Выбрать главу

(Ь) Иного выхода ищет консервативное учение о государственном праве, опирающееся на разработанное Карлом Шмиттом понятие суверенитета. В начале 1950-х годов завязалась дискуссия по поводу того, насколько важна для интерпретации конституции статья нашего основного закона о социальном государстве. Эрнст Форстхофф в те годы придерживался мнения, что нормы, определяющие характер ФРГ как правового государства, должны сохранять абсолютный приоритет по отношению к статье о социальном государстве, которую надо понимать в качестве политической рекомендации. Эта дискуссия по правовой догматике17 в своем историко-философском содержании становится понятной лишь в том случае, если иметь в виду предпосылку, о которой напоминает риттеровская интерпретация Гегеля: общество, образующее субстрат массовой демократии государства благосостояния, само по себе неспособно к стабилизации. Оно требует, чтобы его поддерживали в равновесии. Правда, Фортсхоф считает, что динамика этого общества не может быть уравновешена с помощью риторически заклинаемой традиции; с этой задачей может справиться только суверенное государство. Даже в правовом государстве субстанциальным ядром порядка является верховная власть суверена. Государство может обрести силу, необходимую ему для стабилизации социального модерна, только если оно в экстремальном конфликтном случае окажется неуязвимым для доводов и оснований, выдвигаемых во имя общественных интересов. Хранитель общего блага должен обладать политической властью, ничего не обосновывать, а вместо этого принимать решения. Эта концепция свойственна теории Карла Шмитта в той мере, в какой в качестве критерия в ней применяется способность отличать друга от врага, чтобы получить понятие чисто политического — очищенное от всевозможных оценочных примесей полезного, истинного, прекрасного или справедливого, и прежде всего именно от справедливого. Точка зрения моральной оправданности не должна касаться политического. С этой точки зрения социальный модерн утрачивает весь свой ужас исключительно ради государственной власти, суверенитету которой не грозит моральное разоружение. В более поздних работах Форстхофф обратился к технократическим представлениям18.
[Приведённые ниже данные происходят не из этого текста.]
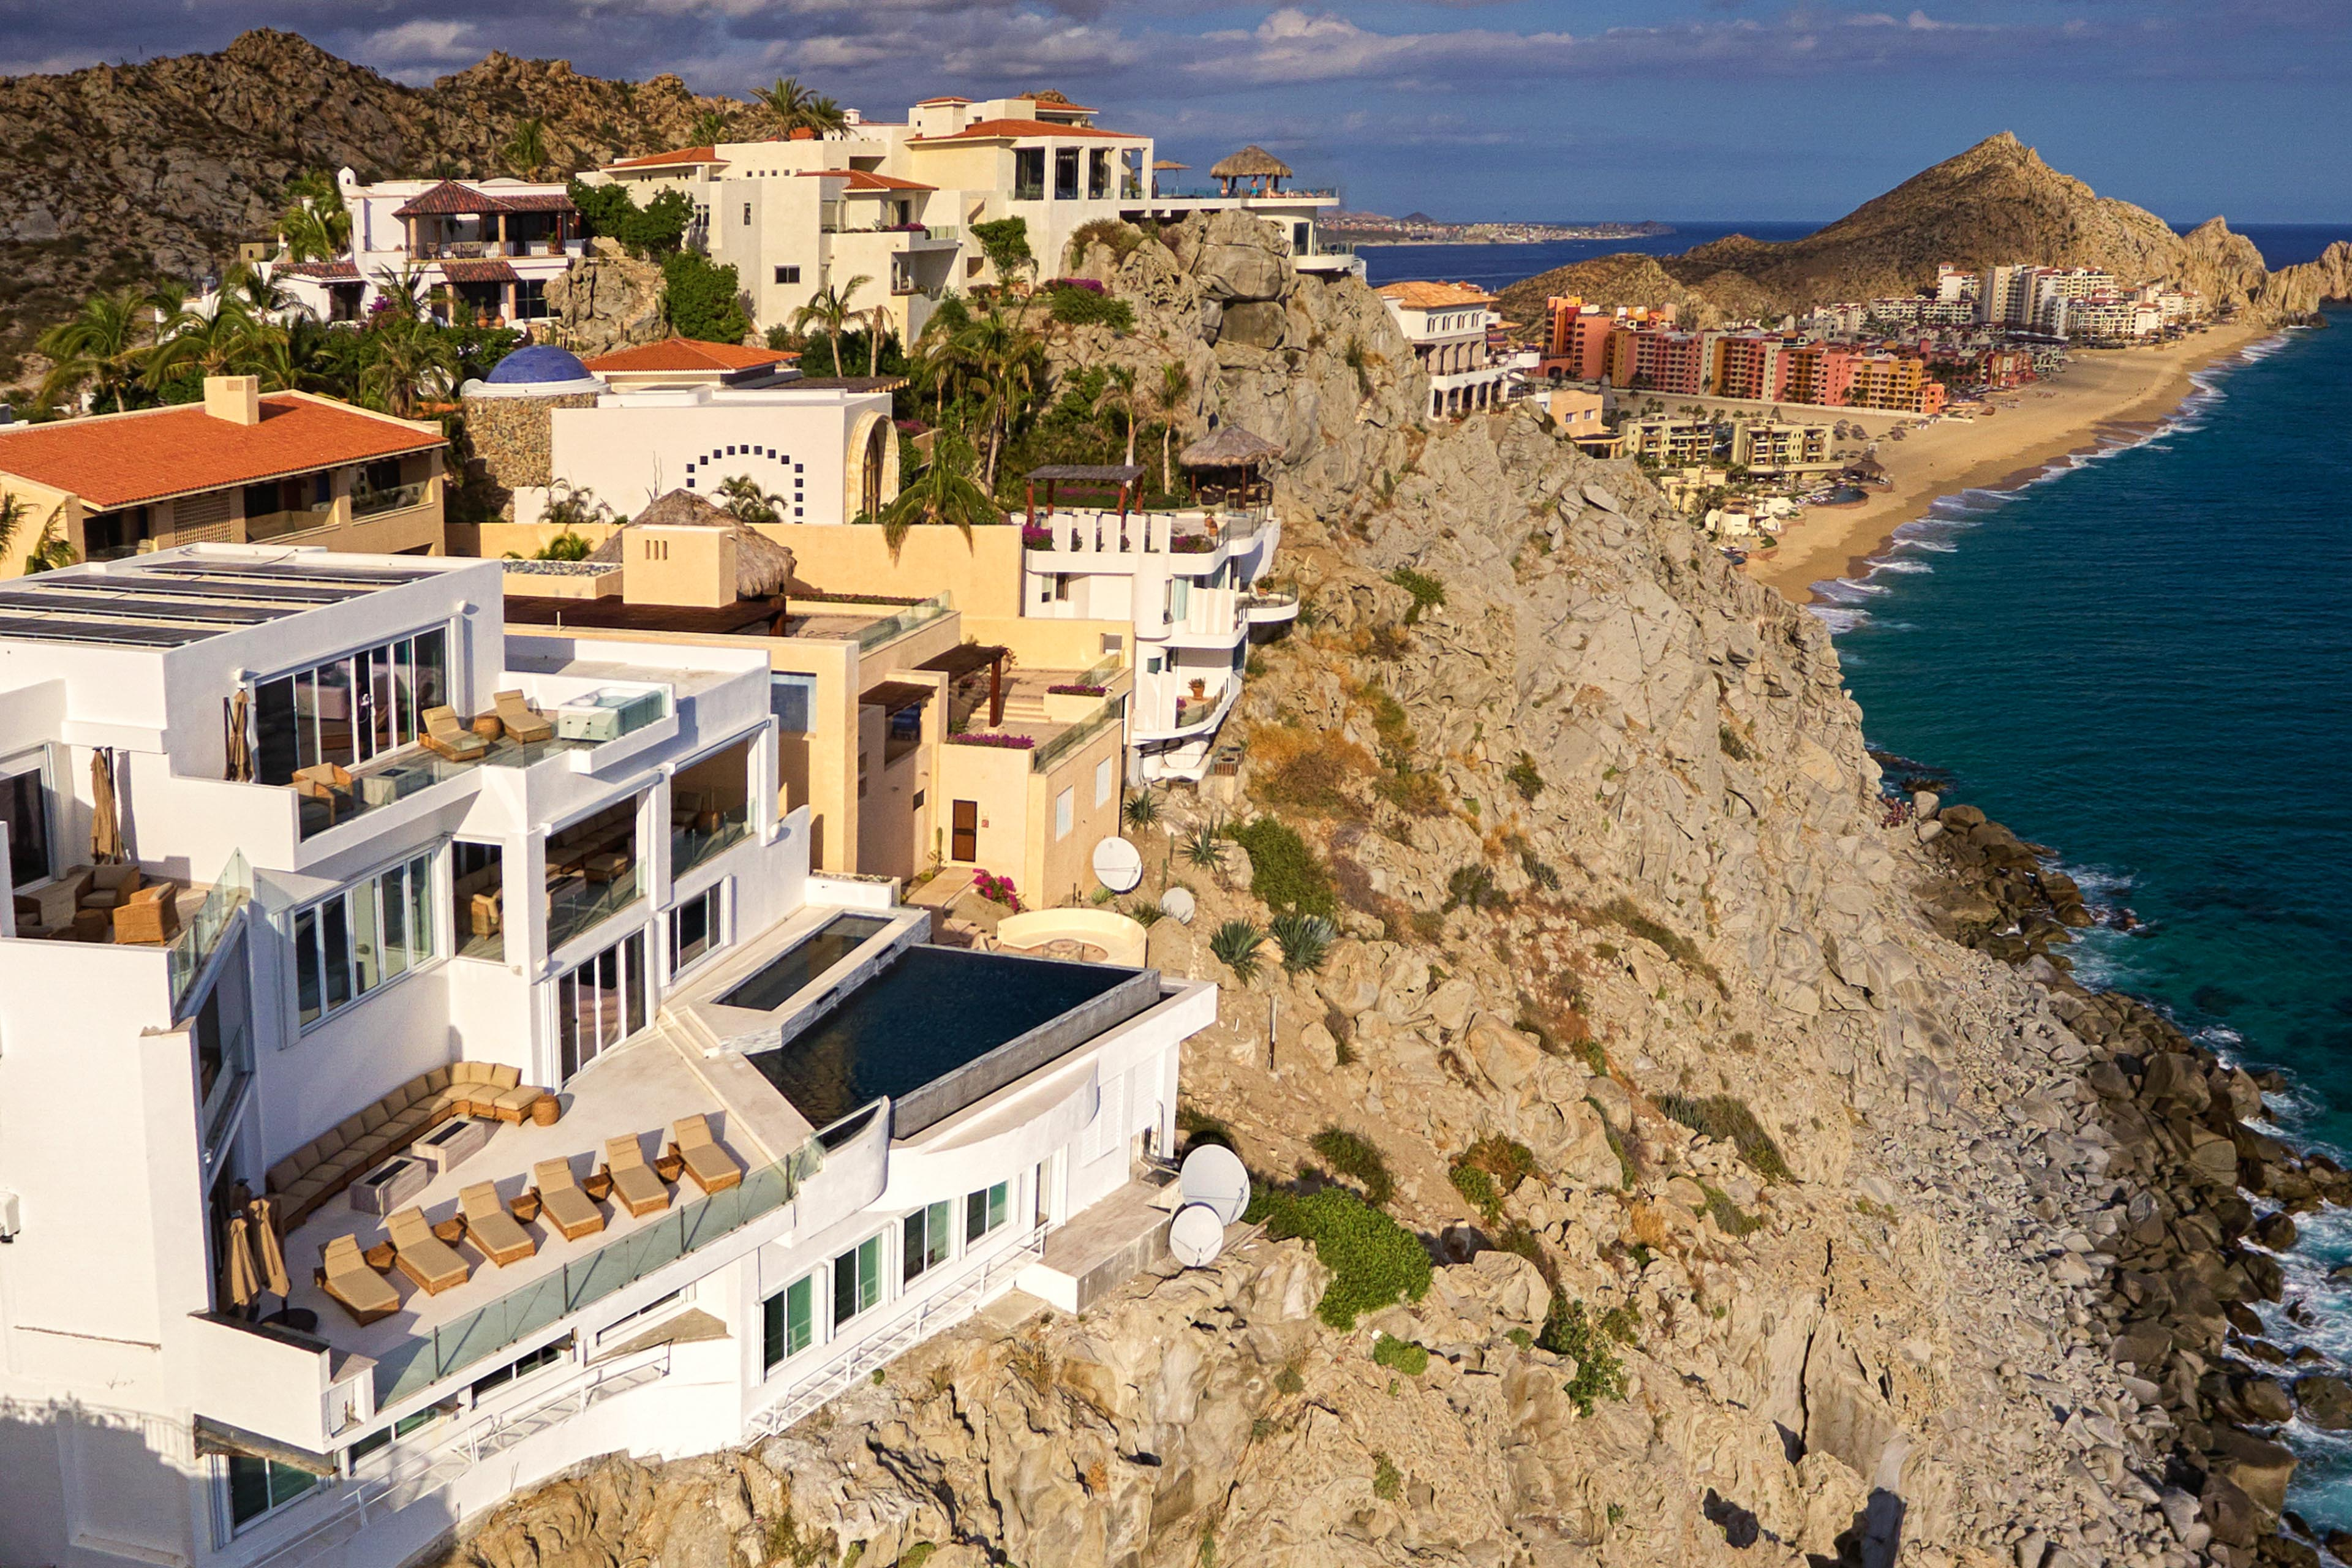 Cabovillas Com Cabo San Lucas Reviews Villa Lands End

(с) Этой третьей линии аргументации следует Арнольд Гелен. В своей известнейшей антропологии в начале 1940-х годов он подчеркнул невероятную пластичность и уязвимость человеческой сущности, которая сложилась без помощи инстинктов и поэтому вынуждена прибегать к регулирующей силе архаико-природных институтов19. Под этим углом зрения устранение сакральных институтов и утрата авторитета церковью, армией и государством, в том числе и исчезновение субстанции суверенной государственной власти, должно считаться симптомом патологического развития. Этим и объясняется острая критика культуры, которой Гелен поначалу занимался в послевоенные годы20. Деинституционализированные свободные пространства «простреливаются» психической энергией искусственно раздутой души, субъективностью переживания и рефлексивностью эгоистического наслаждения. Каждый шаг к эмансипации лишает индивида способности к автоматическому управлению поступками, оставляет его беззащитным перед своими собственными смутными импульсами, предъявляет к нему завышенные требования в смысле принятия решений и делает его тем беззащитнее, чем дальше распространяются идеалы самоопределения и самоосуществления. К тому же растущая сложность общества способствует сворачиванию пространства для ответственных действий, когда она в то же время «из вторых рук» переполняет внутреннюю жизнь раздражающими факторами, эмоциями и переживаниями. Эти идеи изменяются на протяжении 1950-х годов, когда Гелен знакомится с технократическими тезисами, позволяющими ему видеть современное общество в ином свете.